Saturday, April 14, 2007

From 1978 Satprem and Sujata have lived far away from Pondicherry

SATPREM
A sailor and a Breton, though born in Paris in 1923. A member of the French Resistance, Satprem was arrested by the Gestapo when he was twenty and spent a year and a half in concentration camps. Devastated, he journeyed first to Upper Egypt, then to India, where he served in the French colonial government of Pondicherry. There he discovered Sri Aurobindo and Mother. Their Message — “Man is a transitional being” — struck a deep chord. He resigned his post and left for Guiana, where he spent an adventurous year in the middle of Amazonian jungle, then wandered on to Brazil, Africa....
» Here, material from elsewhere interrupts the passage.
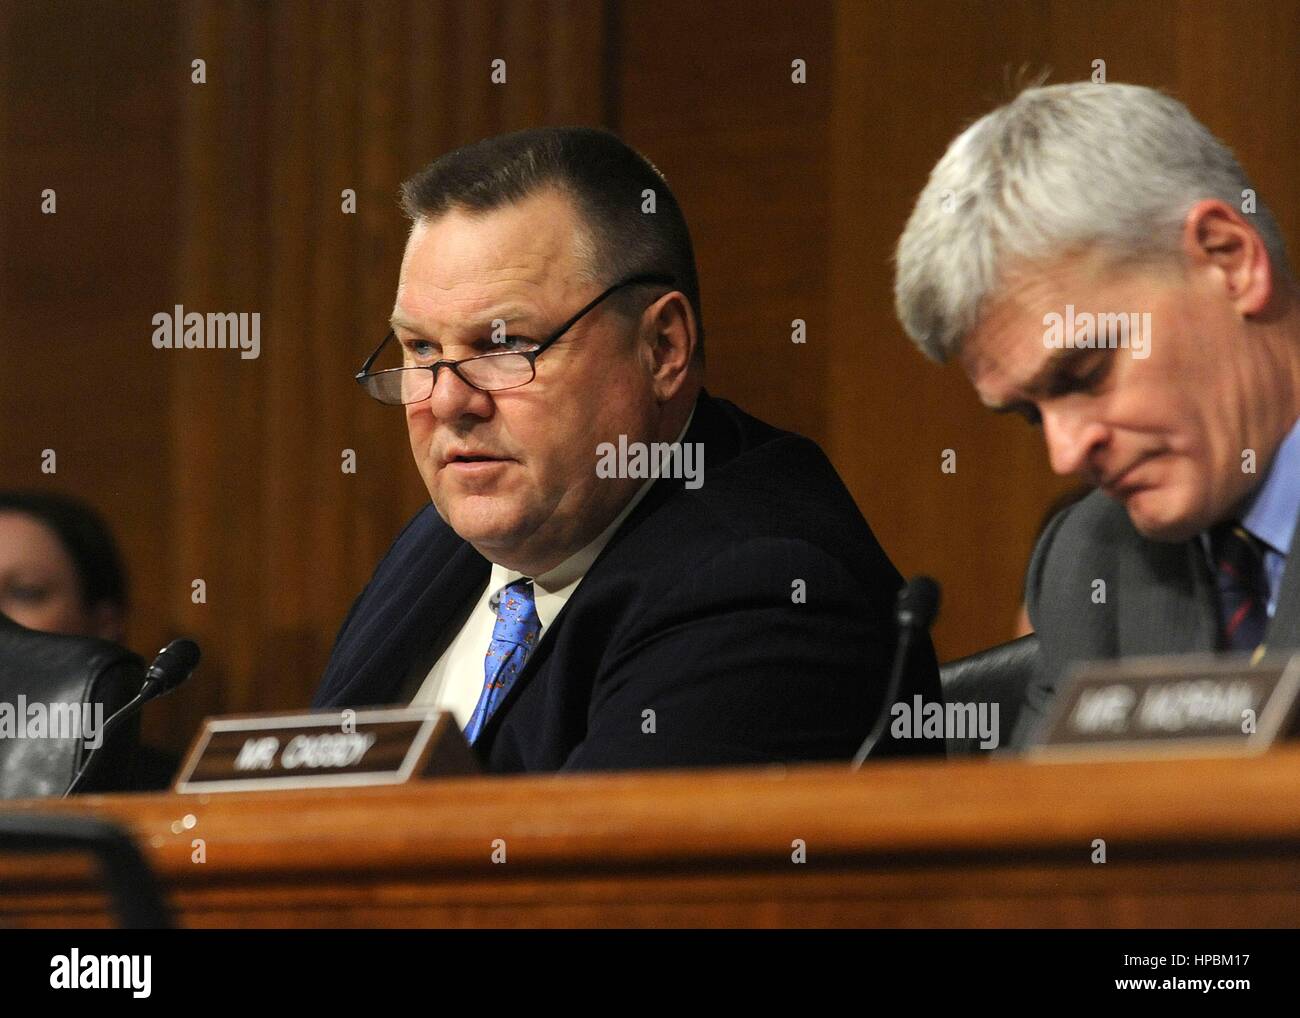 U.S. Senator Jon Tester, of Montana asks a question of Dr. David Shulkin during confirmation hearings in the Senate Veterans Affairs Committee February 1, 2017 in Washington, DC. Shulkin was confirmed as the new head of the Veterans Affairs administration by a unanimous vote. Stock Photo

In 1953, at thirty, Satprem returned to India for good to be near Her who was in search of the secret of the passage to the “next species” — Mother, whose confidant and witness he became for some twenty years. His first essay was dedicated to Sri Aurobindo or the Adventure of Consciousness and followed a few years later by On the Way to Supermanhood.At the age of fifty, he edited and published the fabulous logbook of Mother's exploration, Mother's Agenda, in 13 volumes, while at the same time writing a trilogy — The Divine Materialism, The New Species, The Mutation of Death — followed by an essay, The Mind of the Cells.In 1982, with his companion Sujata, Satprem withdrew completely to embark on the last adventure: the search for the “great passage” in the evolution beyond Man. In 1989, after seven years spent “digging in the body,” he wrote a brief autobiographical account, The Revolt of the Earth, in which he took stock of Man's present situation. Three years later came Evolution II, a pithy record of Satprem's journey through our human and terrestrial grave: “After Man, who? But the question is: After Man, how?”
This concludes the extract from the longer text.